Julia Flynn Siler’s The White Devil’s Daughter is published this month. She shares five books of narrative history.
A Distant Mirror by Barbara W. Tuchman
I first read this as a teenager and was awed by how Tuchman immersed her readers in 14th century Europe. She’s better known for The Guns of August, but this is the book that made me fall in love with narrative history. (Her essay collection Practicing History is also on my shelf.)
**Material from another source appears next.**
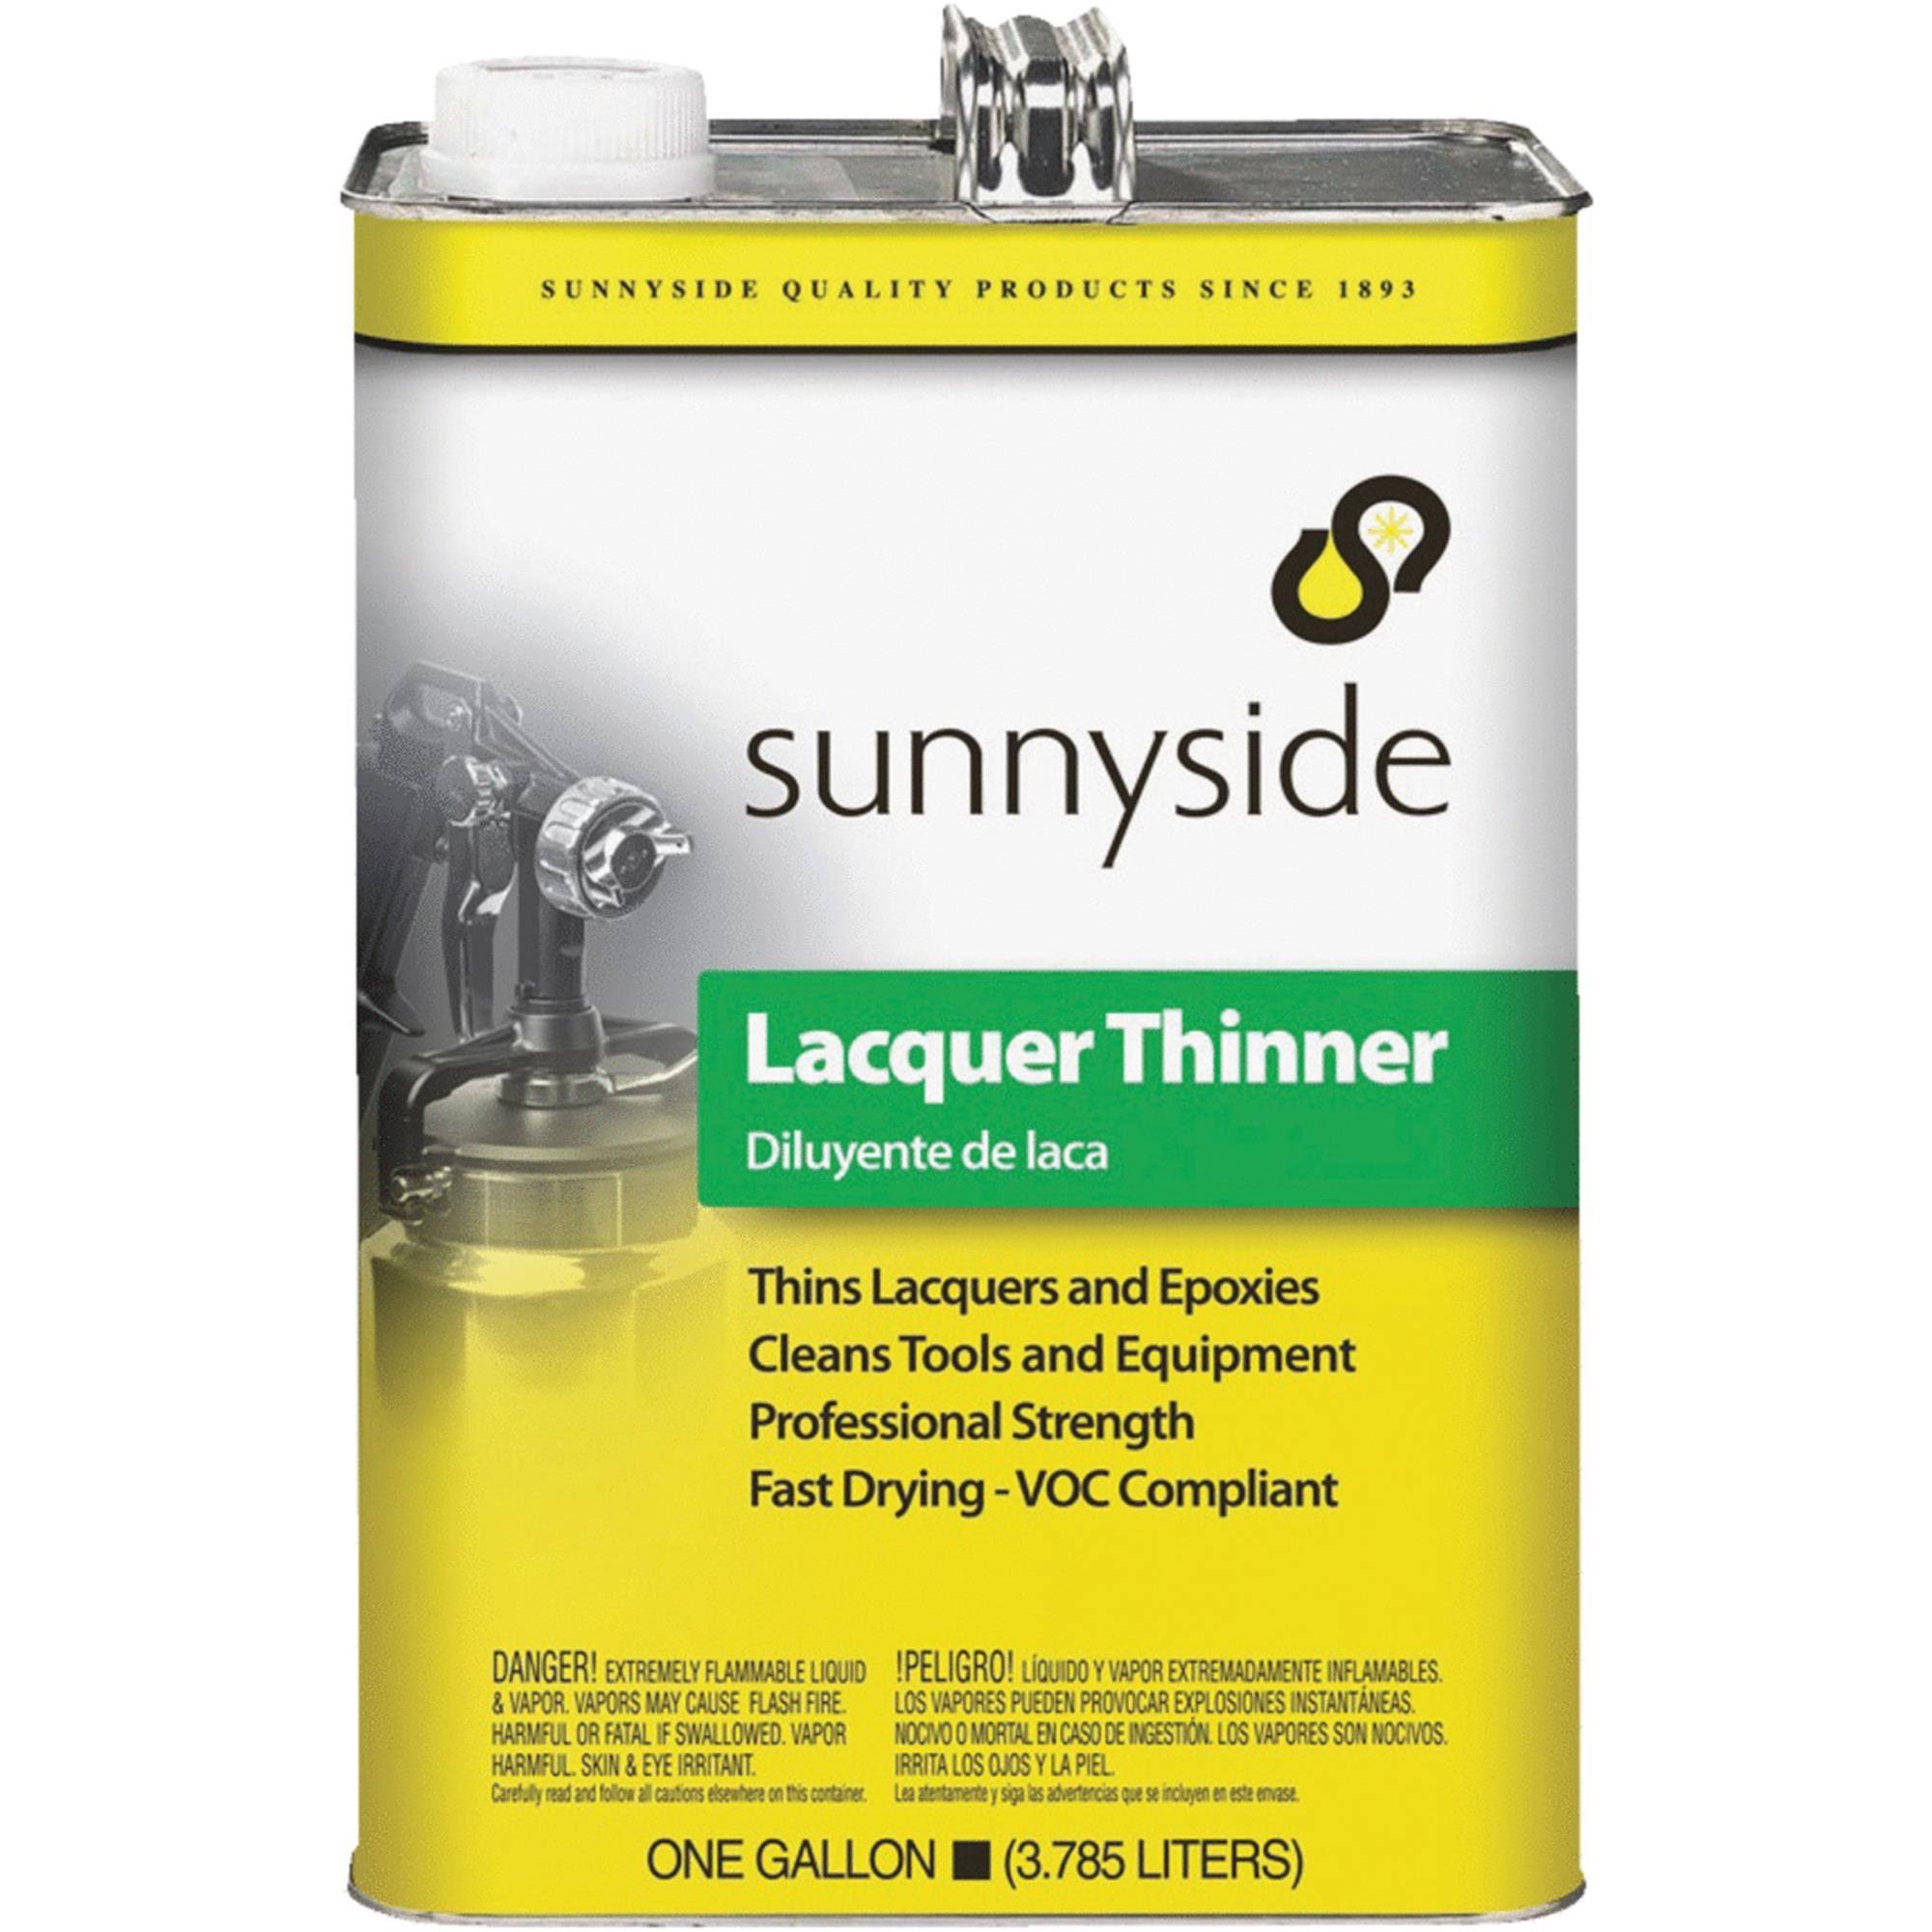 Sunnyside 477G1 Lacquer Thinner, 3.8L | Garage | Delivery Guaranteed | Free Shipping On All Orders | Best Price Guarantee

Jane Ciabattari: Tuchman won her first Pulitzer for The Guns of August, her second for Stilwell and the American Experience in China, before writing A Distant Mirror, her book about “the calamitous 14th century,” as she calls it. She structures her story around Enguerrand de Coucy VII, whom she calls the “most experienced and skillful of all the knights of France.” She fills her narrative with vivid scenes describing wars, the Crusades, the Black Death, relations among European nations, the sharp economic contrast between aristocracy and peasantry. I’m struck by the way she contrasts the life of the few at the top, the 14th-century nobility, which “seemed full of brilliance and adventure,” with what awaited the masses: “a succession of wayward dangers; of . . . pillage, plague, and taxes; of fierce and tragic conflicts, bizarre fates, capricious money, sorcery, betrayals, insurrections, murder, madness, and the downfall of princes; of dwindling labor for the fields, of cleared land reverting to waste; and always the recurring black shadow of pestilence carrying its message of guilt and sin and the hostility of God.” Are there specific passages that stay with you?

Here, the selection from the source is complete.